Risk modeling and prediction
Building systems that use predictive models require answering many design decisions, turning them into modeling choices, and technical tasks. Questions such as cohort selection, unit of analysis determination, outcome determination, feature (explanantory variables) generation, model/classifier training, evaluation, selection, and list generation are often complicated and hard to choose apriori. In addition, once these choices are made, they have to be combined in different ways throughout the course of a project.
Triage aims to help solve these problems by:
- Guiding users (data scientists, analysts, researchers) through these design choices by highlighting operational use questions that are important.
- Providing interfaces to these different phases of a project, such as an
Experiment
. Each phase is defined by a configuration (corresponding to a design choice) specific to the needs of the project, and an arrangement of core data science components that work together to produce the output of that phase.
To use Triage, you first need:
- Python 3+
- A PostgreSQL database with your source data (events, geographical data, etc) loaded.

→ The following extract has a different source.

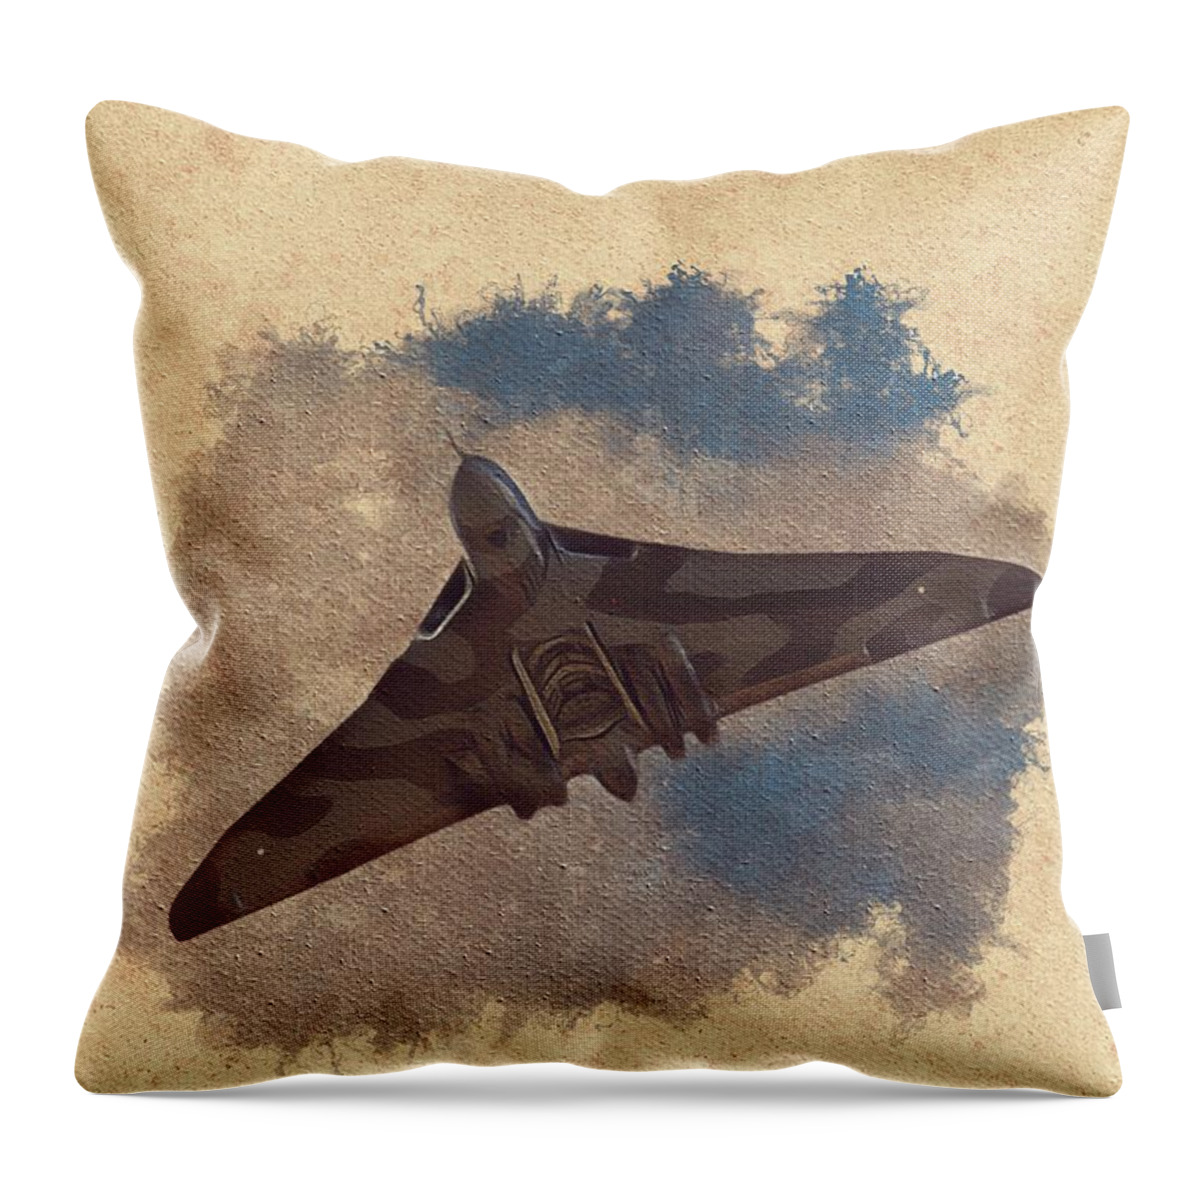 Vulcan Throw Pillow featuring the painting Vulcan Bomber by Esoterica Art Agency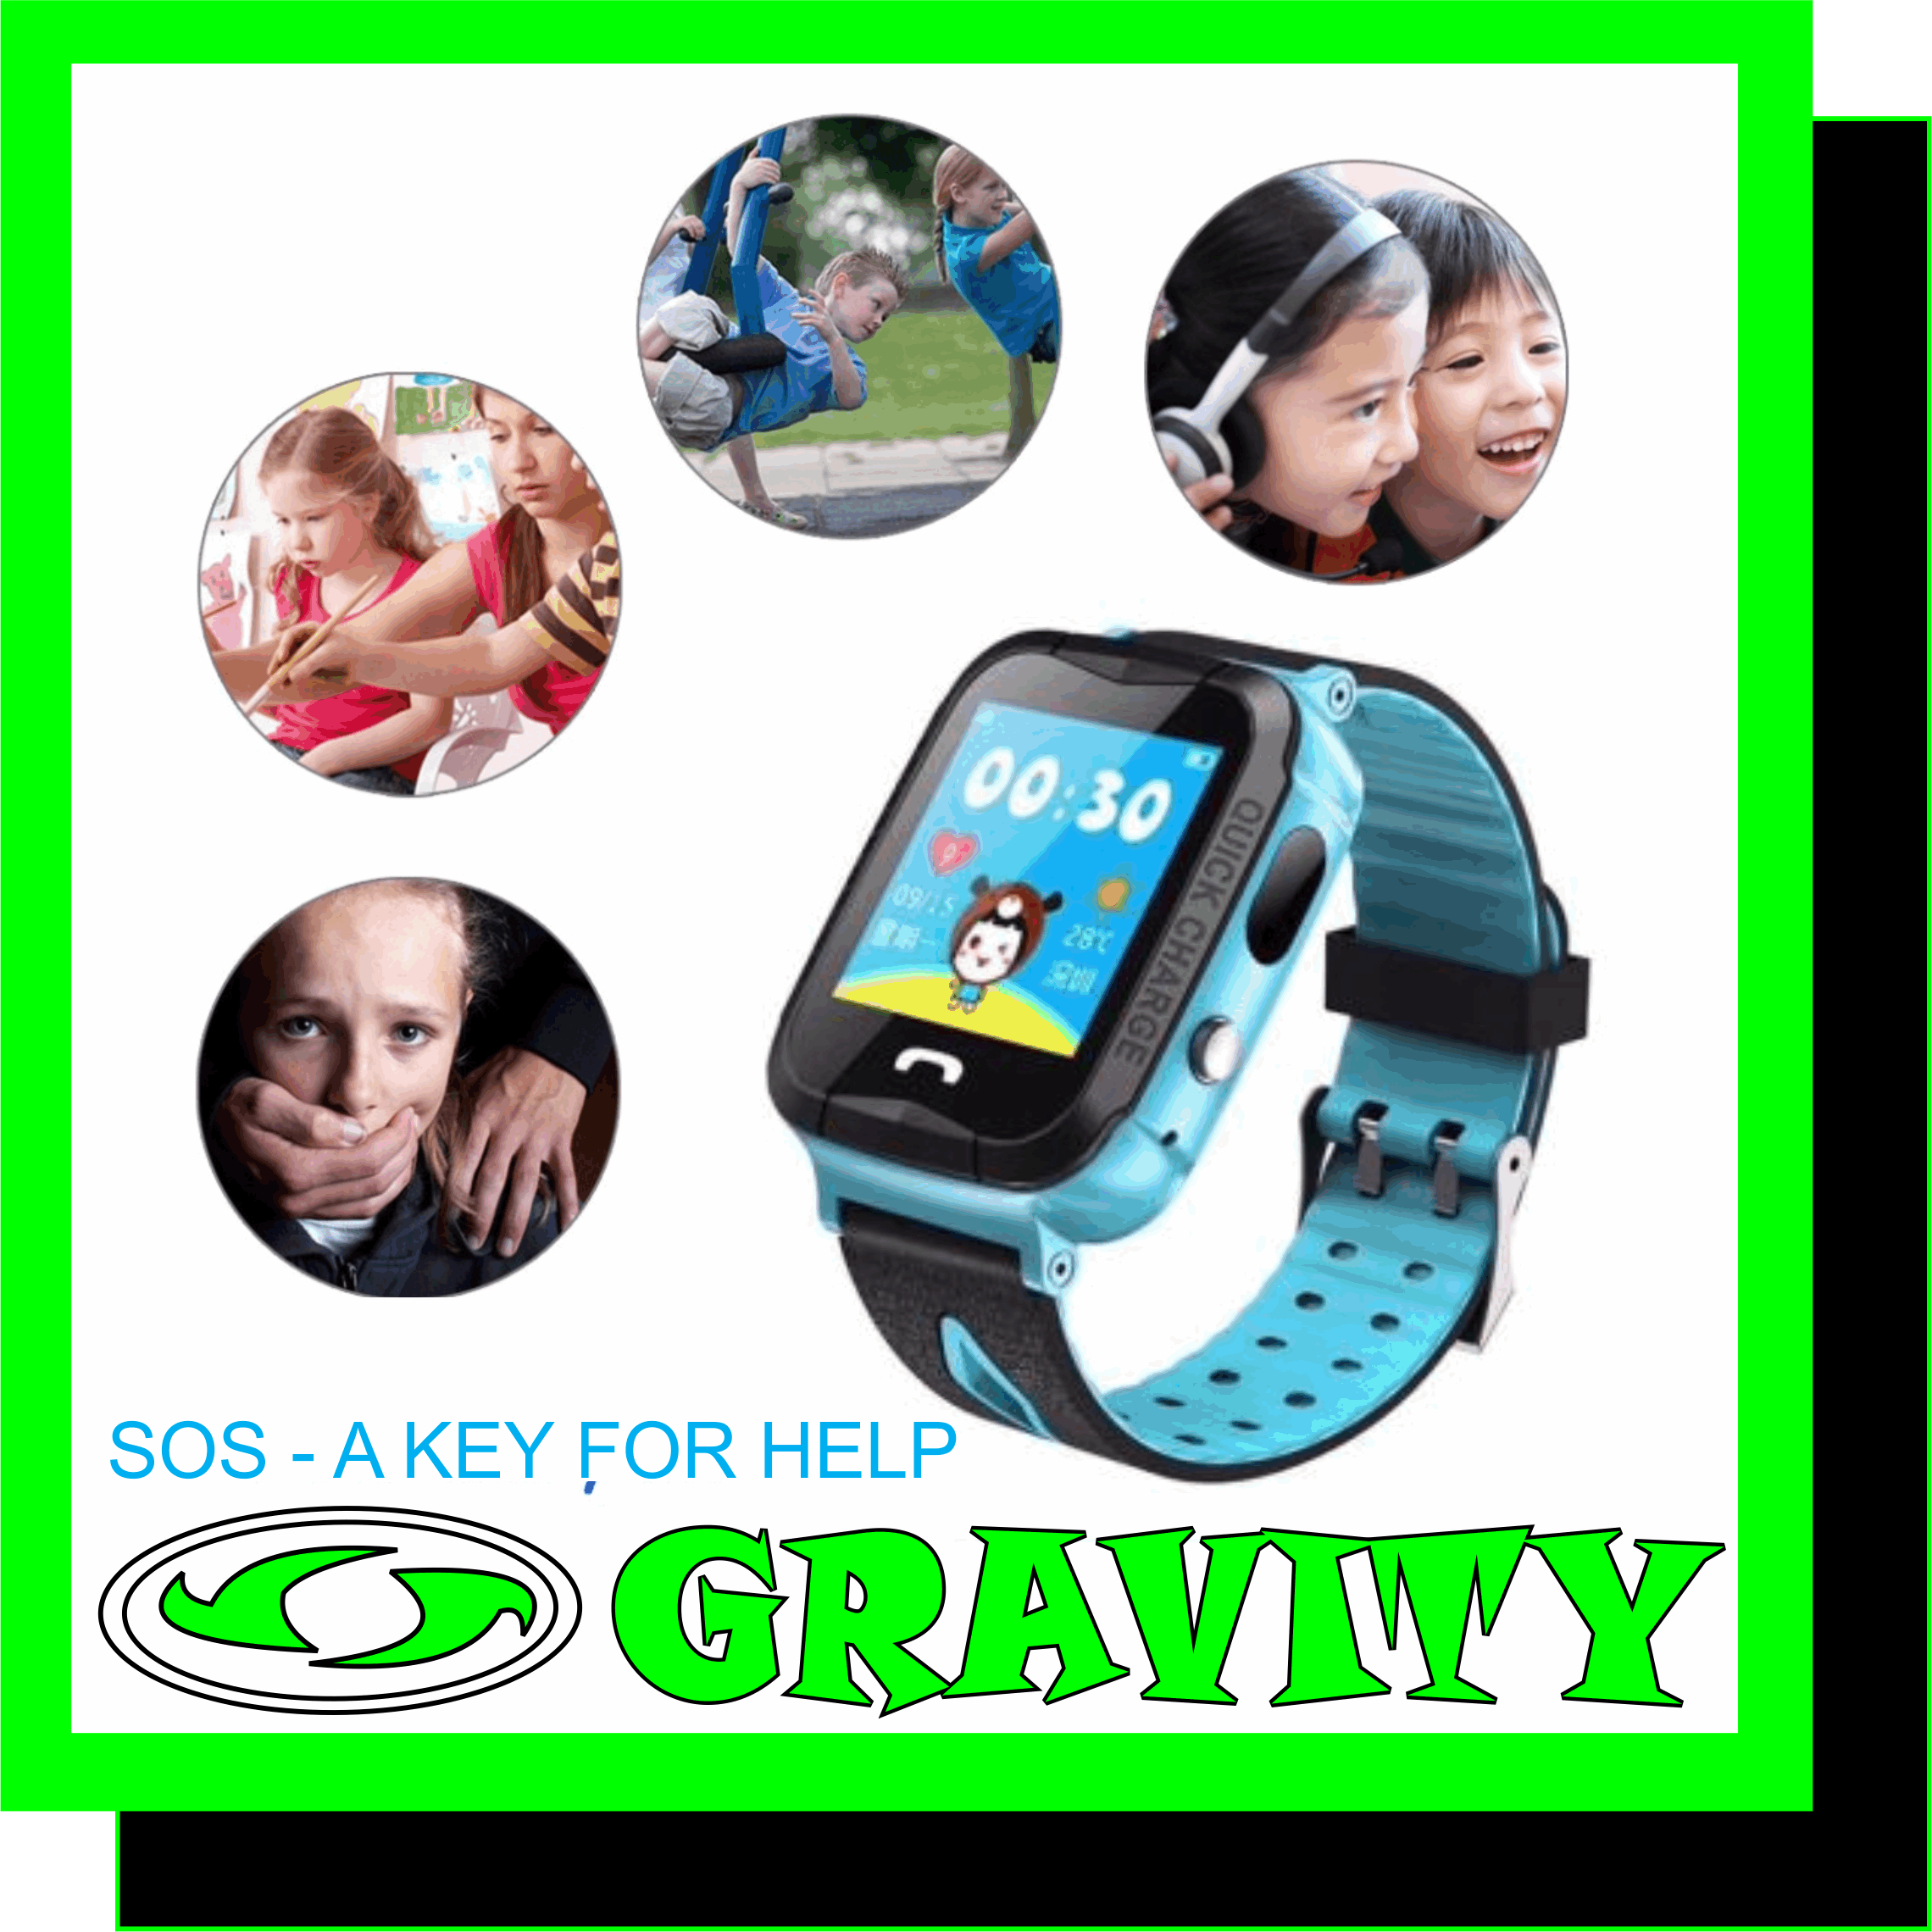 GPS SMART WATCH FOR CHILD BABY SUPPORT SIM CARD SOS CALL CAMERA FLASHLIGHT WRIST WATCH FOR BOY AND GIRL  Call & Chat Communication: Insert a 2G Micro SIM card to communicate with your child by sending calls or voice messages.  Please buy extra GSM network SIM Card  Safety Protection: Kids can press the SOS key for 3 seconds to circularly call families' numbers for help. This function is really helpful for emergency situations.  LBS+AGPS Location: Built-in double Mode Global Positioning System, so you can keep track your kids'location at anytime. When Kids are indoor or at poor gps signal place, the watch will work on LBS mode, and provide an approximately position, the error will be caused by local signal place, error will be 0.3 ~ 4 miles.  Fun Camera: Your kids can enjoy take selfies and picture. And the flashlight can be used anytime if necessary.  Other Features: Calling, Phone Book, Quick Learning, Chat, Camera, Album, SOS Emergency Call, LBS+AGPS Positioning, Anti Lost, Remote Control, Remote Camera, Flashlight. Parents can control and set the smart watch through the APP "Setracker".

- Ample space on an available disk, (or for example in Amazon Web Services's S3), to store the needed matrices and models for your experiment
Triage is a Python package distributable via setuptools
. It may be installed directly using easy_install
or pip
, or named as a dependency of another package as triage
.
To build this package (without installation), its dependencies may alternatively be installed from the terminal using pip
:
pip install -r requirement/main.txt
To add test (and development) dependencies, use test.txt:
pip install -r requirement/test.txt [-r requirement/dev.txt]
Then, to run tests:
pytest
To quickly bootstrap a development environment, having cloned the repository, invoke the executable develop
script from your system shell:
./develop
A "wizard" will suggest set-up steps and optionally execute these, for example:
(install) begin (pyenv) installed ✓ (python-3.6.2) installed ✓ (virtualenv) installed ✓ (activation) installed ✓ (libs) install? 1) yes, install {pip install -r requirement/main.txt -r requirement/test.txt -r requirement/dev.txt} 2) no, ignore #? 1
The first phase implemented in Triage is the Experiment
. An experiment represents the initial research work of creating design matrices from source data, and training/testing/evaluating a model grid on those matrices. At the end of the experiment, a relational database with results metadata is populated, allowing for evaluation by the researcher.
- Dirty Duck Tutorial
- Running an Experiment
- Experiment Algorithm Deep Dive
- Experiment Config v5 Upgrade Guide
Triage is developed at the University of Chicago's Center For Data Science and Public Policy. We created it in response to commonly occuring challenges we've encountered and patterns we've developed while working on projects for our partners.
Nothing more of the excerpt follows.